When you repeat the material, keep each line exact and omit the pictures.

[Dataset extract]:
╭──
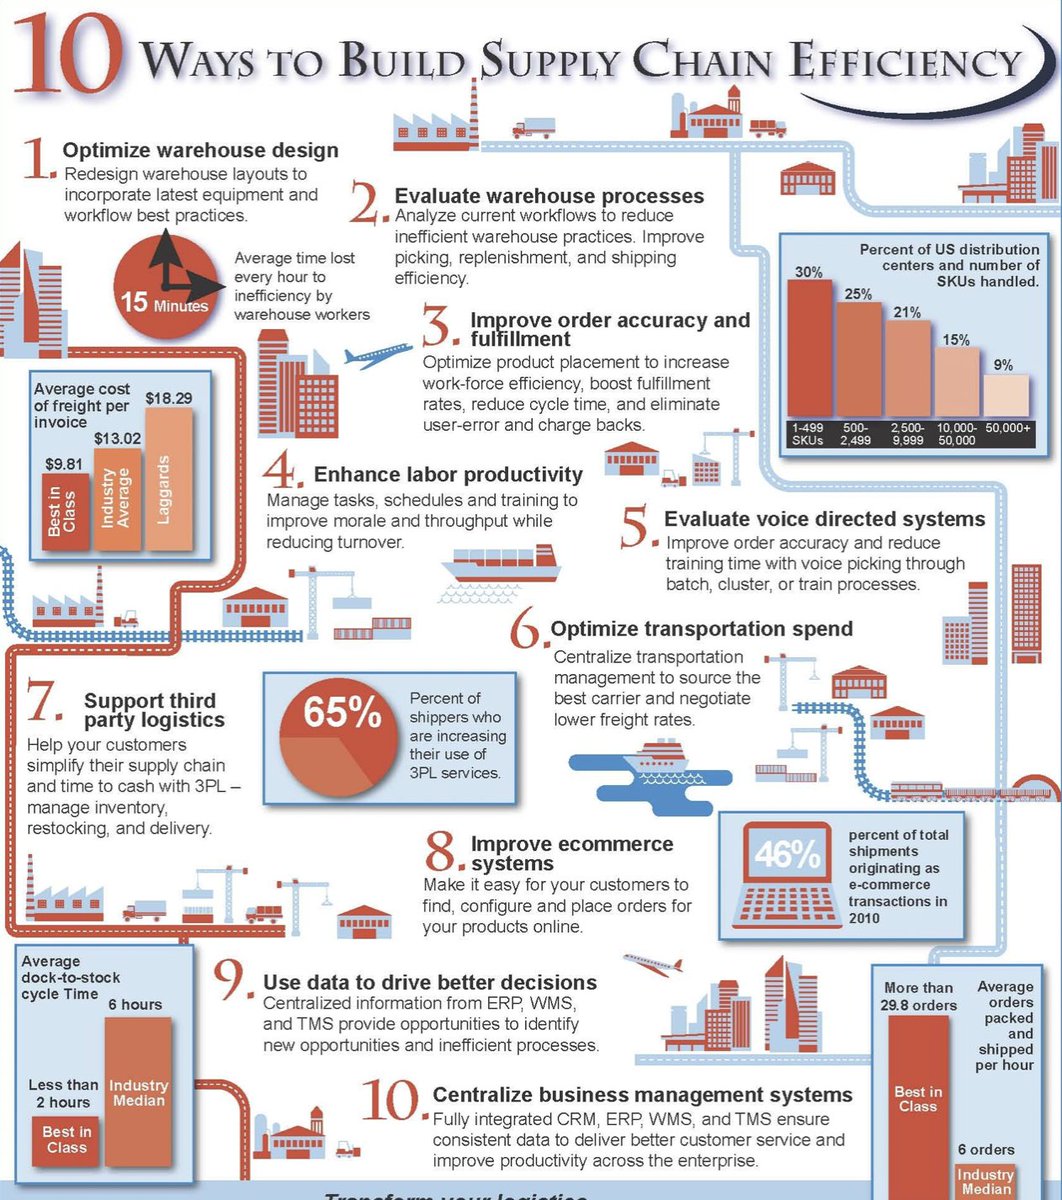 #Infographic: 10 Ways to build supply chain efficiency! cc: @LogisticsMatter @antgrasso @Nicochan33 @ipfconline1 @KirkDBorne #Industry40 #DigitalTransformation #Industry #Technology #Innovation #Automation #SmartFactory #Warehouse #AI #BigData #SupplyChain
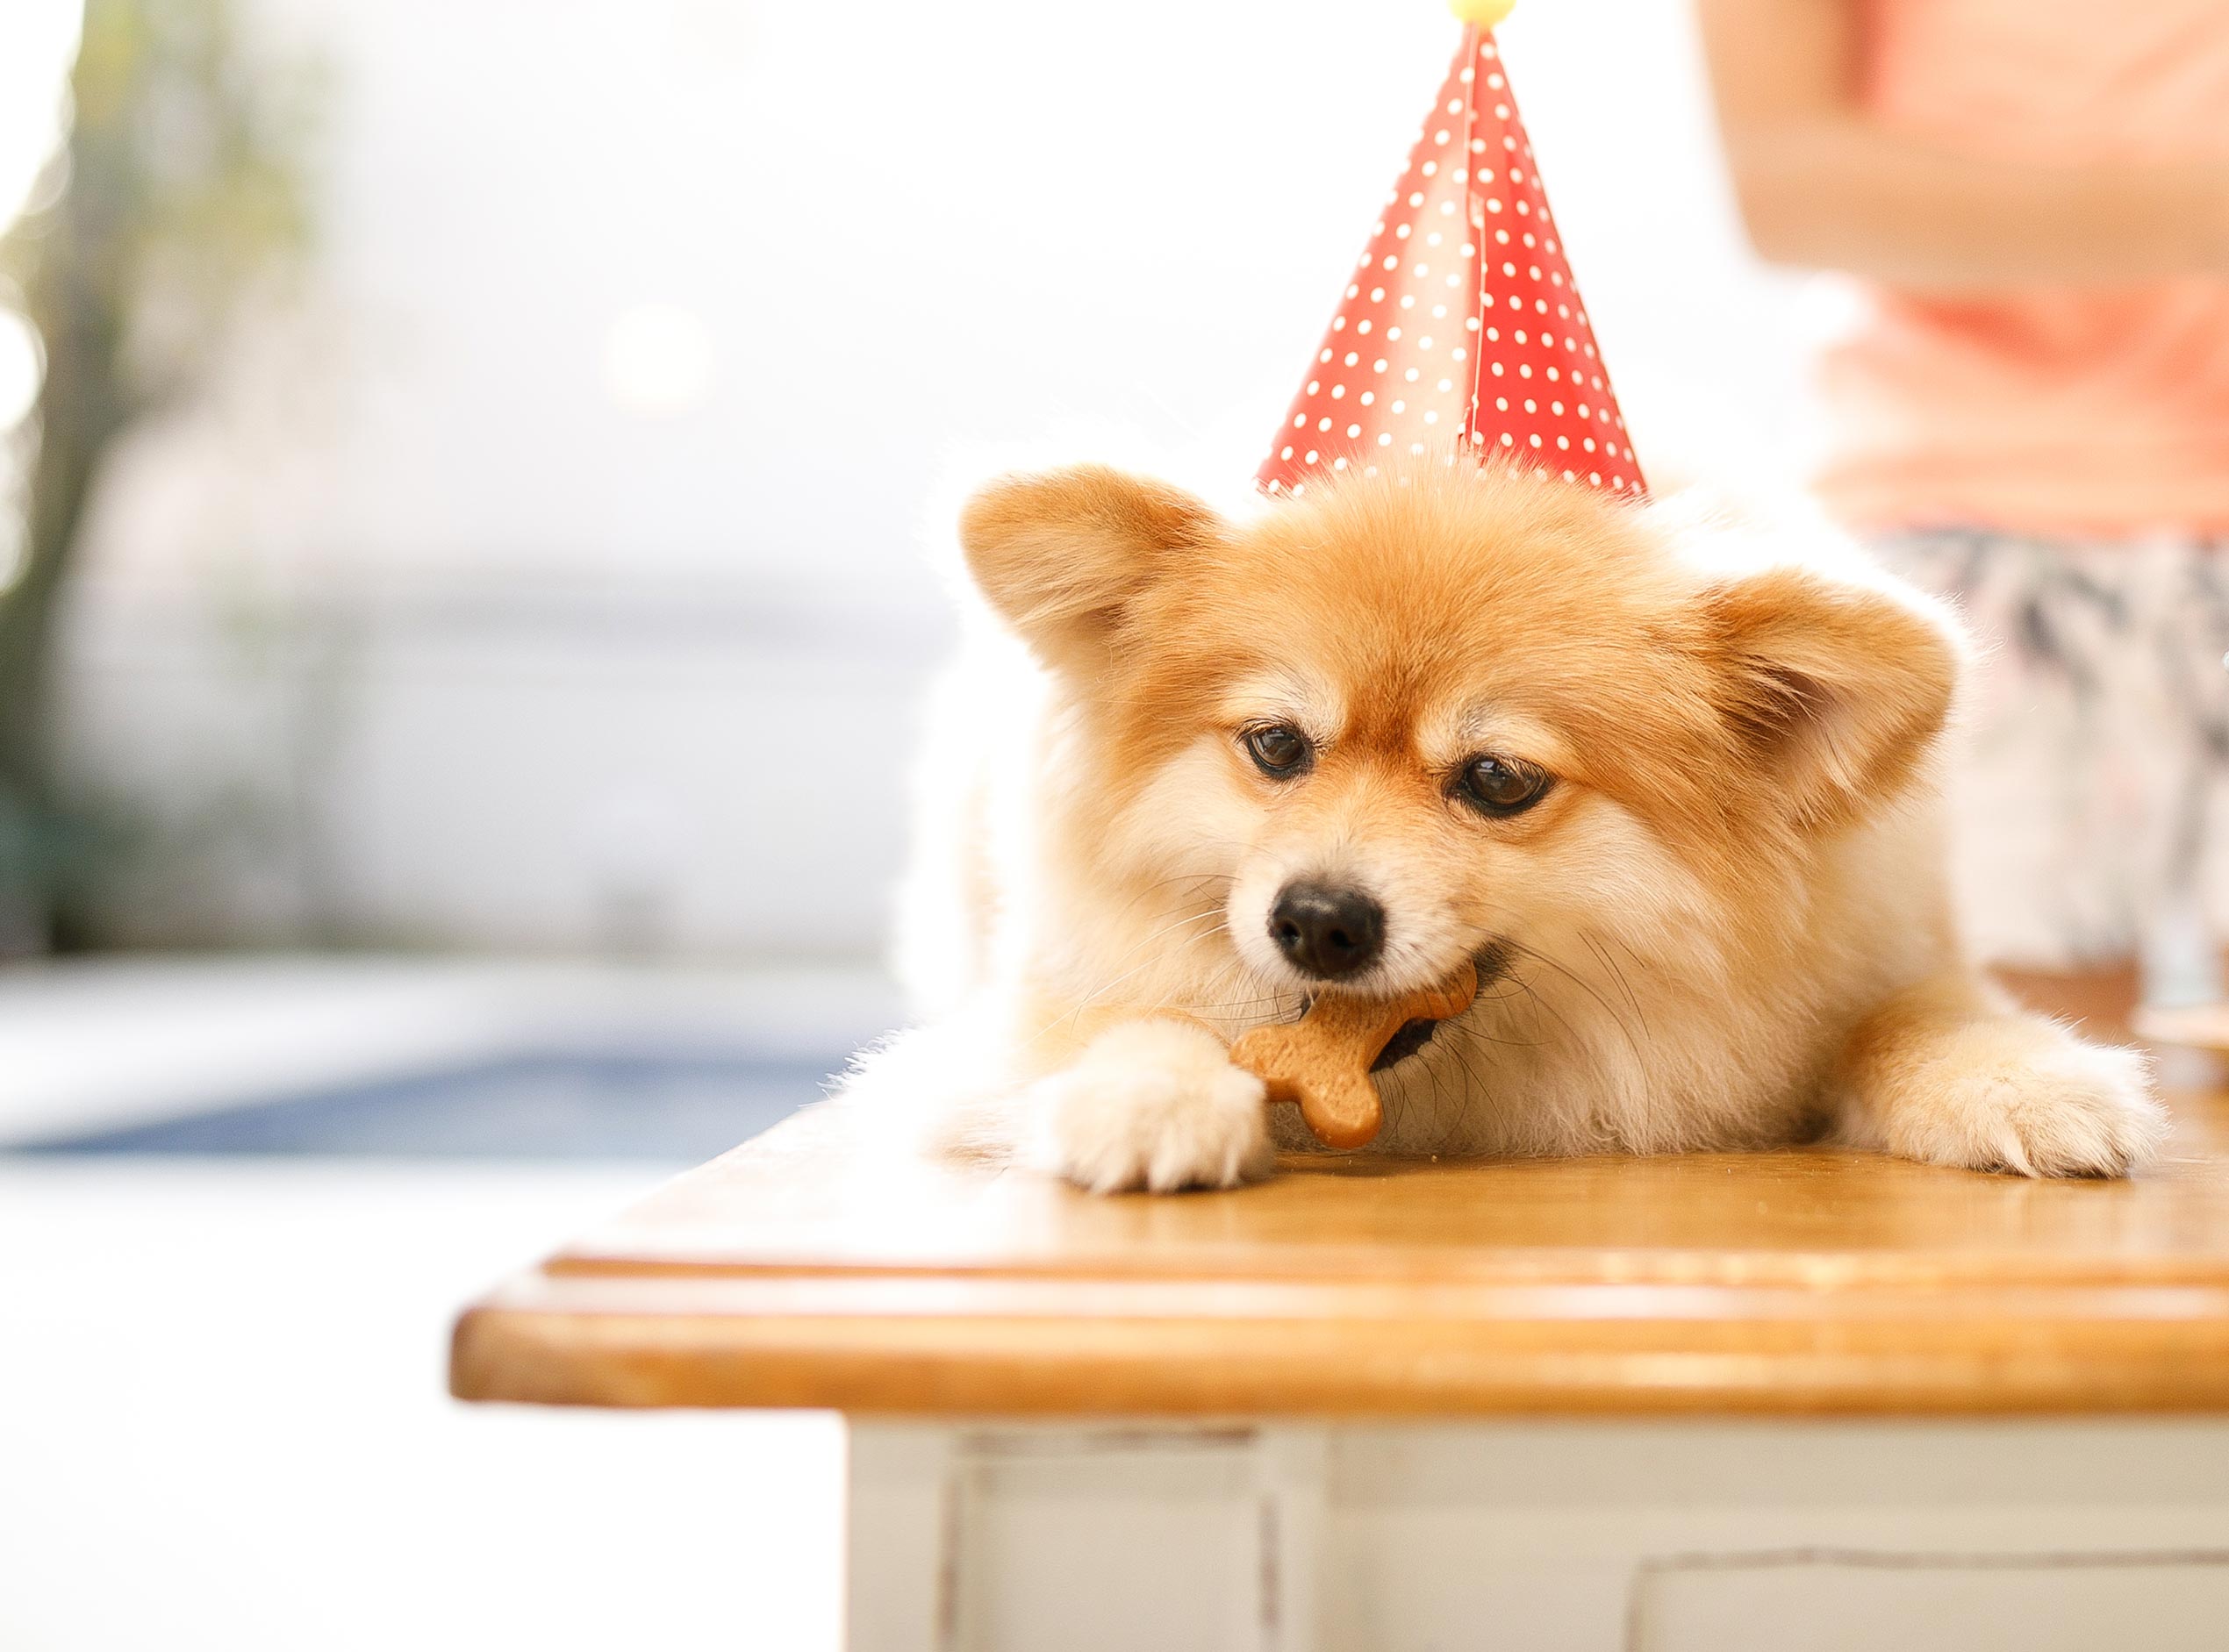 Dog enjoying a birthday cookie
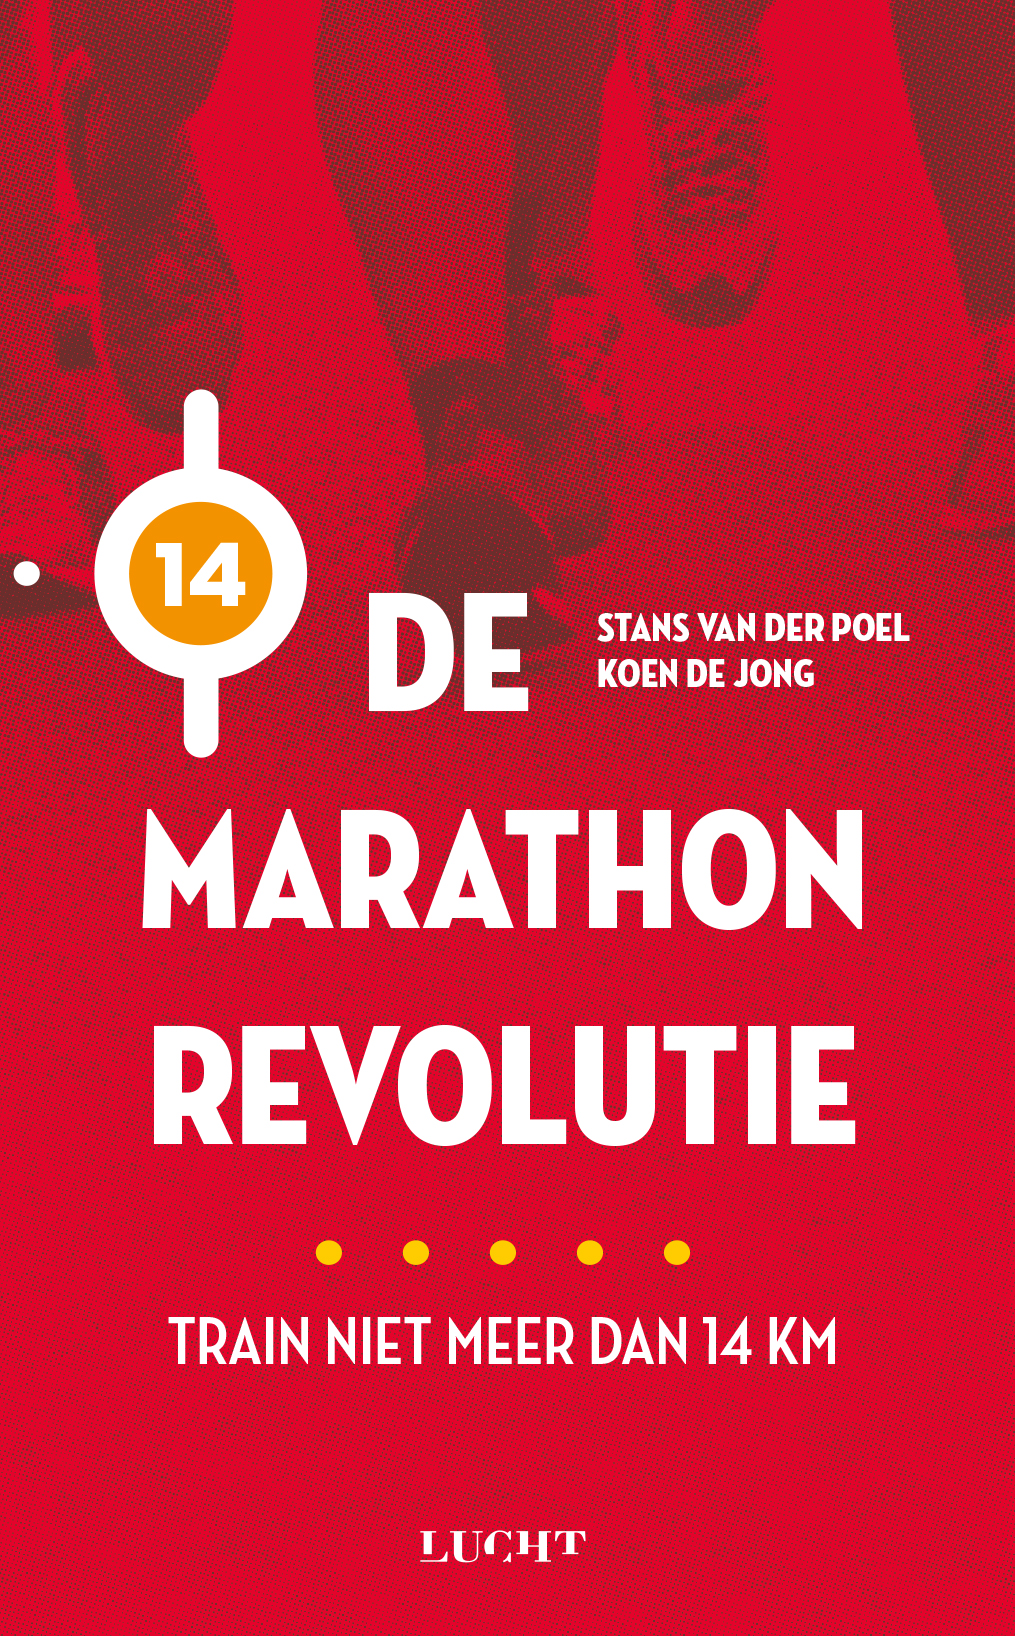 De marathon revolutie (Ebook)
╰──
[Written response]:
 #Infographic: 10 Ways to build supply chain efficiency! cc: @LogisticsMatter @antgrasso @Nicochan33 @ipfconline1 @KirkDBorne #Industry40 #DigitalTransformation #Industry #Technology #Innovation #Automation #SmartFactory #Warehouse #AI #BigData #SupplyChain
 Dog enjoying a birthday cookie
 De marathon revolutie (Ebook)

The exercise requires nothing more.